All the indignation of environmentalists and all kinds of European “greens” regarding the construction of terminals turned out to be in vain, and the entire “green agenda” of the European Union turned out to be hypocritical. Such large-scale work in the heart of the EU could not be carried out without the knowledge of the European Commission. This once again only confirms that under the conditions of the dominant capitalist system, what is “acceptable” from an environmental point of view and what is not is decided solely by the prospect of obtaining super-profits.

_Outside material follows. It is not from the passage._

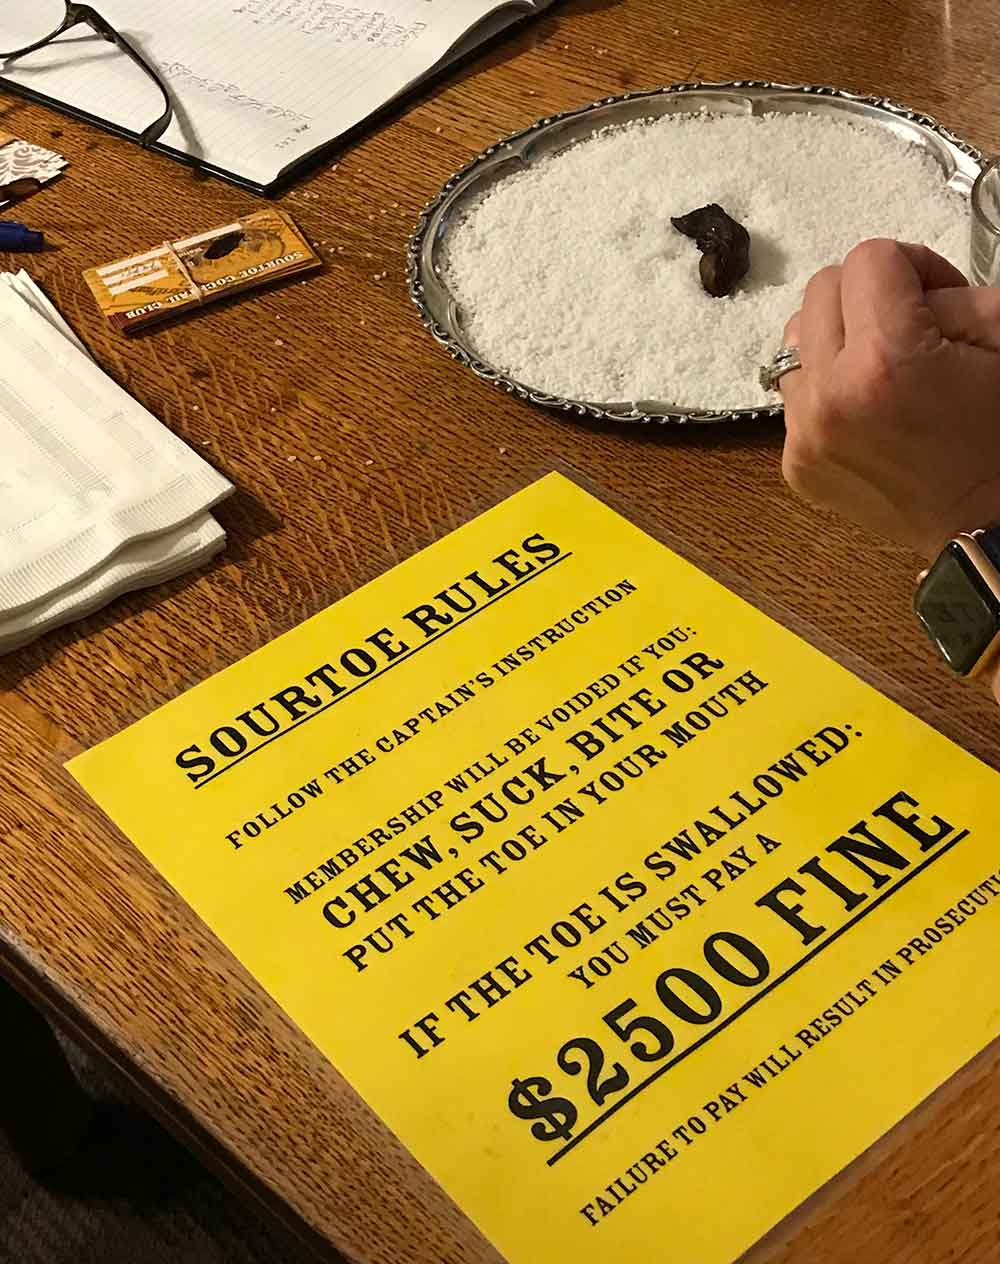 Dawson City sourtoe rules

And these super-profits turned out to be possible with soaring gas prices already in the first months after the start of Russia's ‘Special Military Operation’. As a result of “unscrewing the valve,” the United States already in the first (!) half of 2022 took the place of the world’s largest exporter of LNG. As of mid-November 2022, according to the US Department of Energy, US LNG exports over 9 months exceeded 82 billion m³, of which 68% of supplies went to European countries.
The first record US LNG export was achieved at the end of the same month, reaching 362 million m³ per day, 11% higher than in 2021.
Measuring LNG volumes by tonnage, US LNG exports totaled 81.2 million tons during 2022, matching Qatar. Moreover, as in the case of Germany, at the end of January 2023, it became known about the construction of 5 more LNG terminals, in addition to the 11 that were already under construction. In total, during 2022, LNG supplies from the United States to Europe increased by 2.4 times compared to 2021. Thus, the United States occupied 40% of the European market at the beginning of February 2023.
The increase in LNG supplies from the United States was not at all prevented by the accident at the “blue fuel” processing plant in Texas, and the fabulous profits were not prevented by the indignation of even prominent European officials in Brussels. The latter circumstance was also explained by climatic reasons or, to put it figuratively, winter was upon us. However, in this case, the famous mantra of bourgeois mainstream economics is appropriately applicable: “Demand creates supply.” Indeed, the invisible hand of the market clearly pointed its finger at the new exporters of the “blue flower”.
However, unlike the fictional world in which bourgeois economists live, in the real world the price of a product, due to “market equilibrium,” does not necessarily imply a compromise between buyer and trader. Of course, supporters of all sorts of bourgeois economic theories may think otherwise, but the ordinary population of the EU, whose costs for paying electricity bills have increased noticeably, is unlikely to agree with them.
According to news from the Bloomberg news agency on December 18, 2022, Europe's losses due to the refusal of Russian gas reached $1 trillion.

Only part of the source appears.